It’s been long since I pinned words to paper, since I set aside moments to let my thoughts flow–but there’s a little something I’ve been learning here in the desert, here in the middle of serving, of giving, that I must let the ink run.
I’m not going to give an account of glorious miracles, of unending ease, of a perfect ministry. I’m simply going to lay the pieces bare, let honesty speak for herself.
Because really, most days look like a little broken boy screaming in class, throwing his chair across the room, seething in defiance, in unresolved hurt. Most days look like mustering all my strength to drag myself back to the small schoolroom, back to something I don’t particularly enjoy, back to giving love when all I want is to crawl in a hole and cry. Most days look like an unending hurricane of planning, organizing, and executing those plans. Most days look like jumping from one program to the next, expending the last of my energy. Most days look like questioning and second guessing every decision I make, every action taken. Most days look like an overwhelming sense of inadequacy, of inefficiency.
Most days look like a mess.
And I’m living with these people who are living the same messy realities I am–brokenness.
It’s addictions and abuse, neglect and darkness that overshadow their days. These people live hard lives. And I’m struck because here, there is no shame is naming the hard, in admitting the ugly, embracing the broken. They’re open and willing to say, “I didn’t have a good day”, “I’m struggling”, “I’m not doing well”. Brutal honesty is what keeps them sane. I’m humbled at their long, fervent prayers, the tears they weep for their people. They are all connected by this one truth–life is not easy. Hard days happen. We’re all broken and a mess.
It hits hard.
I’ve been accustomed to the subtle American culture of insisting that everything is ‘always fine’, accustomed to millions of individuals hiding behind a faulty facade of perfection. It’s been labeled taboo to admit the hard. People are shamed for admitting brokenness, shamed for admitting the darkness, which inevitably leads to a shallow exterior. It results in thousands of people alone and afraid to admit reality. But we’re all only covering up a world of ugliness that is really just a common thread linking all of humanity together–this brokenness, this pain.

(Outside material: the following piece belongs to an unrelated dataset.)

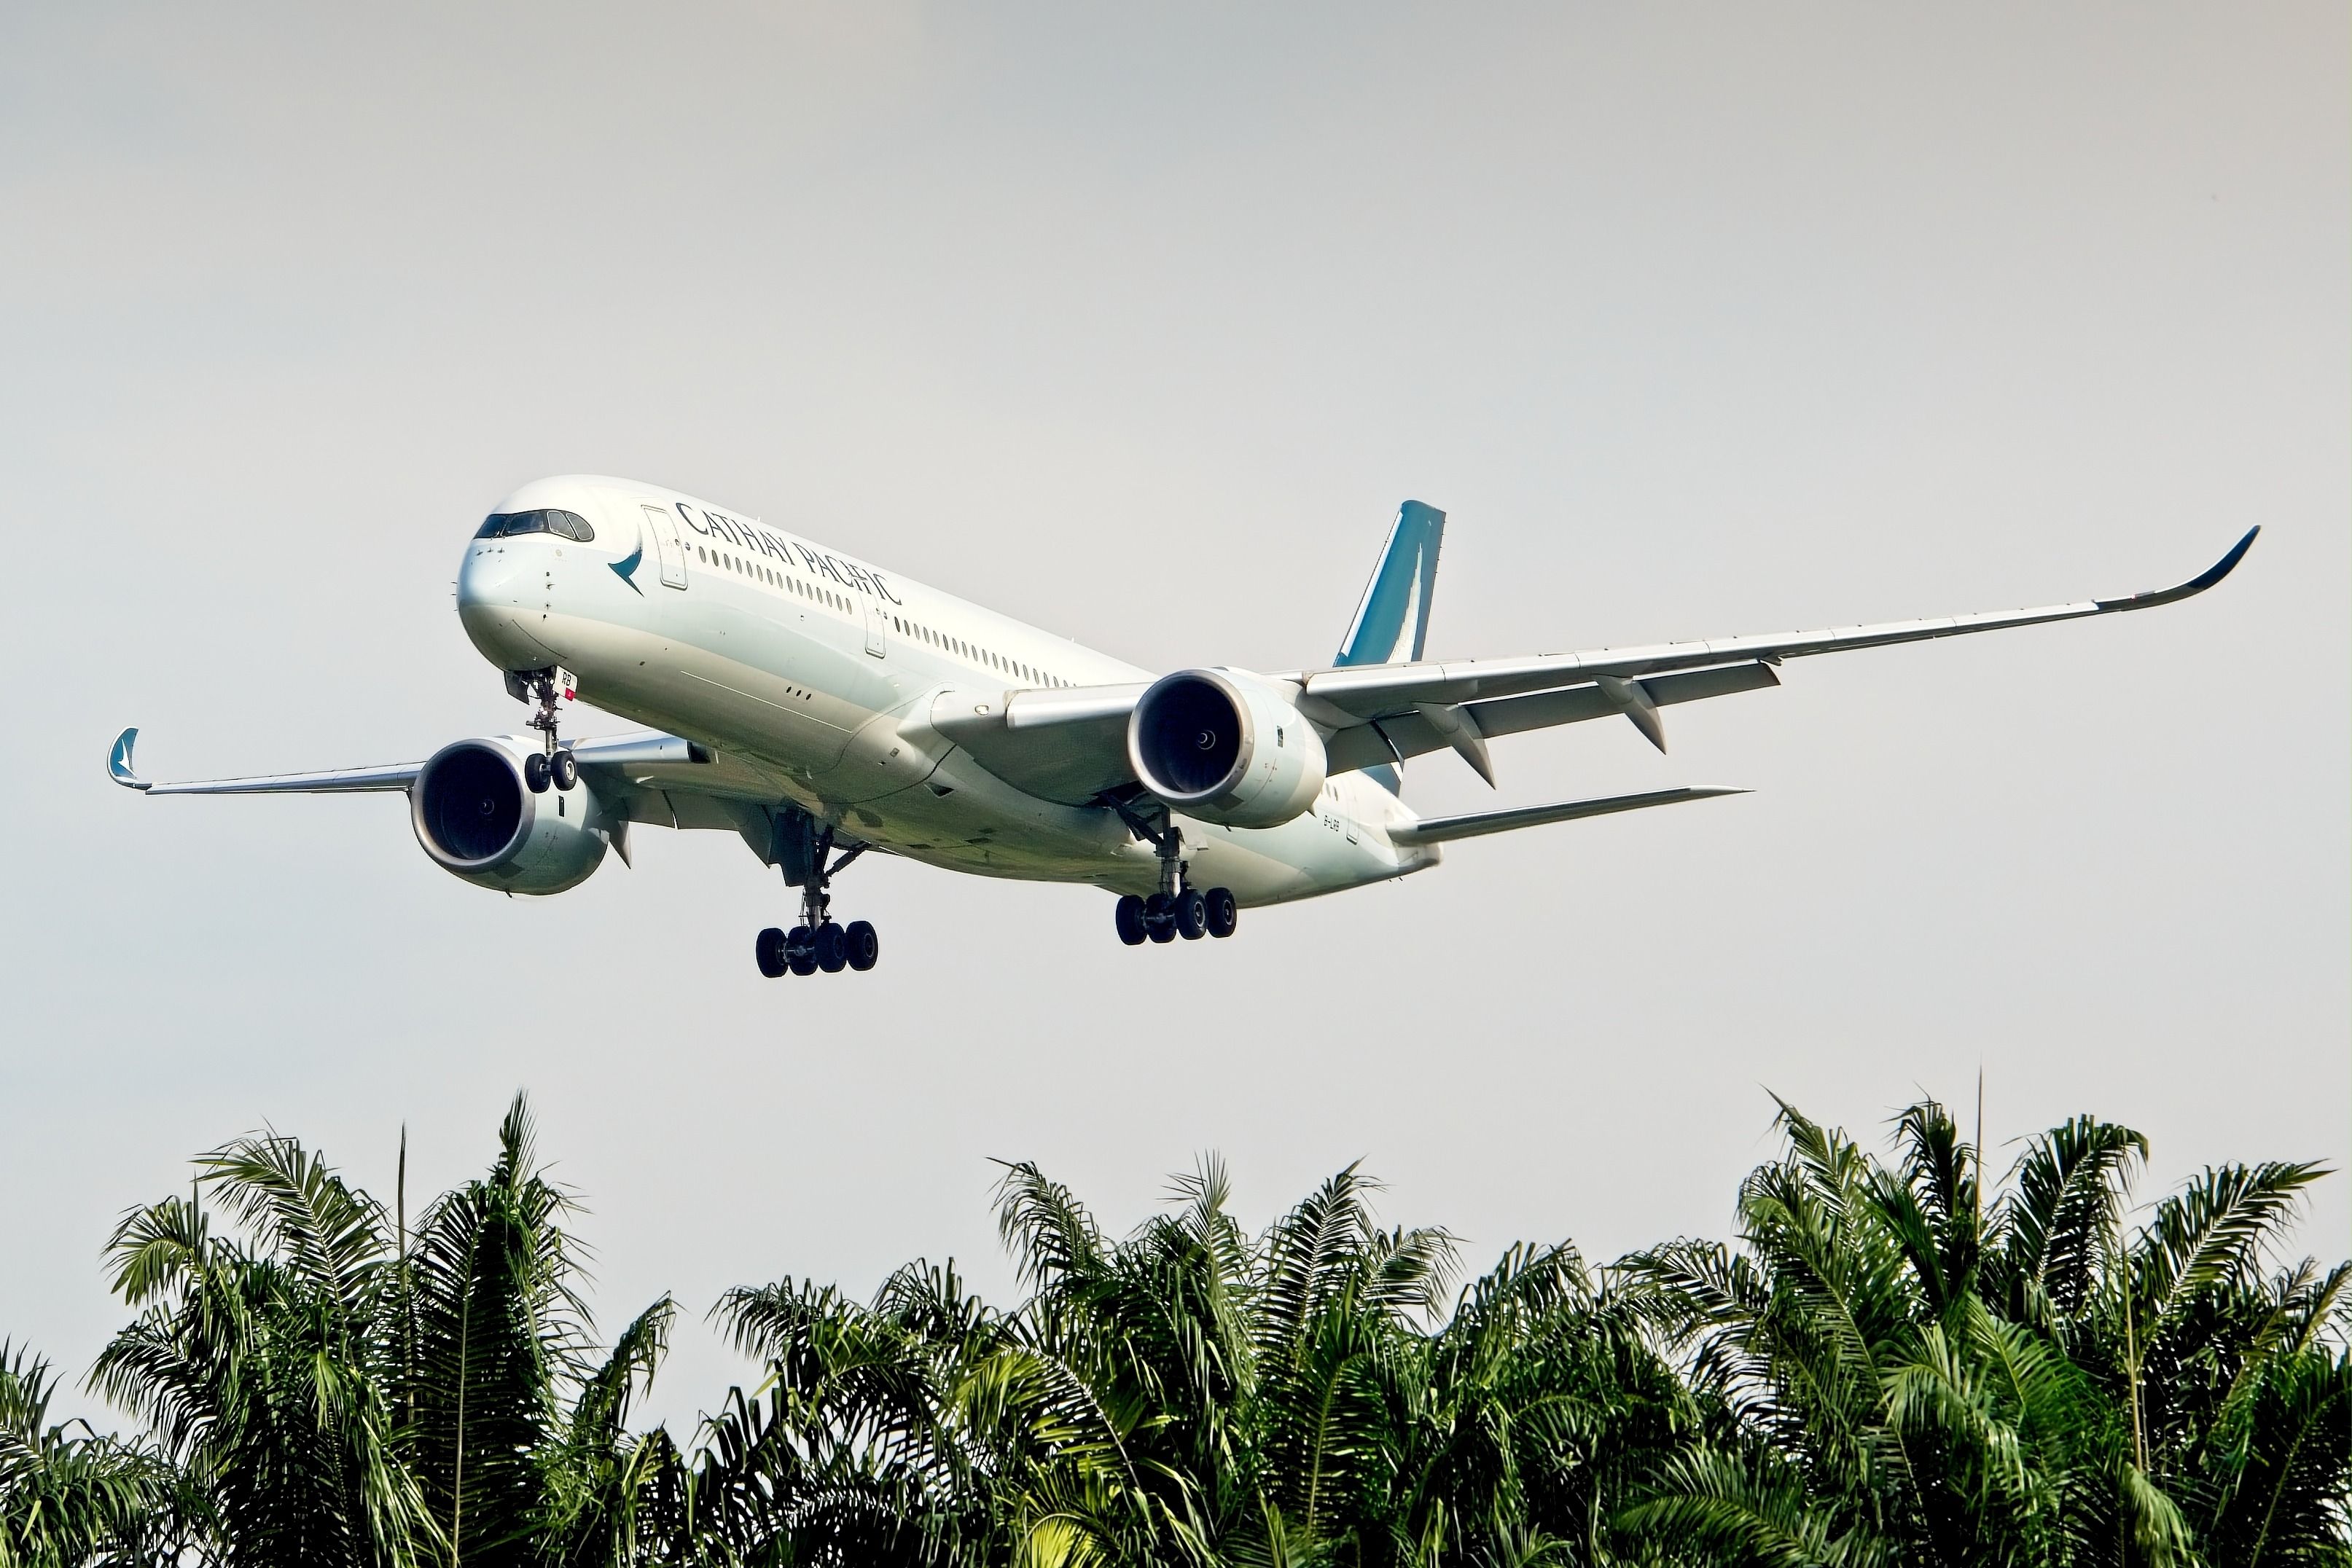 A Cathay Pacific Airbus A350 landing

And me too. I’ve been living the lies as best I can, living the lies that life is fine–I’m fine. I’ve been covering up and hoping these hard days would morph into and become the lies I’m striving to live–the lies that I am fine. Always fine. But I’m learning that ignoring the dark side is not called positivity. It’s called naivety.
Because you cannot grow through what you ignore.
There IS a difference between dwelling on the dark side and acknowledging the dark side, and though it is never right to dwell in negativity, you can only learn from what you acknowledge. Ignoring the pain has the equivalent effect that dwelling in the pain has.
Success is not finalized by becoming blind to brokenness.
The simple truth is, hard days happen. And the question then is, what are you going to do with your hard days? Ignore their existence? Let them become your darkening shadow, your constant sidekick? True positivity is acknowledging the hard, embracing the brokenness, admitting the ugly and choosing to grow through what you go through, choosing to praise God’s name anyway, and daring to believe God is only and always good.
It’s a choice. It’s your choice.
And choosing grace and glory in the hard and ugly?
That’s boldness. That’s bravery. That’s courage. That’s joy in the crucible.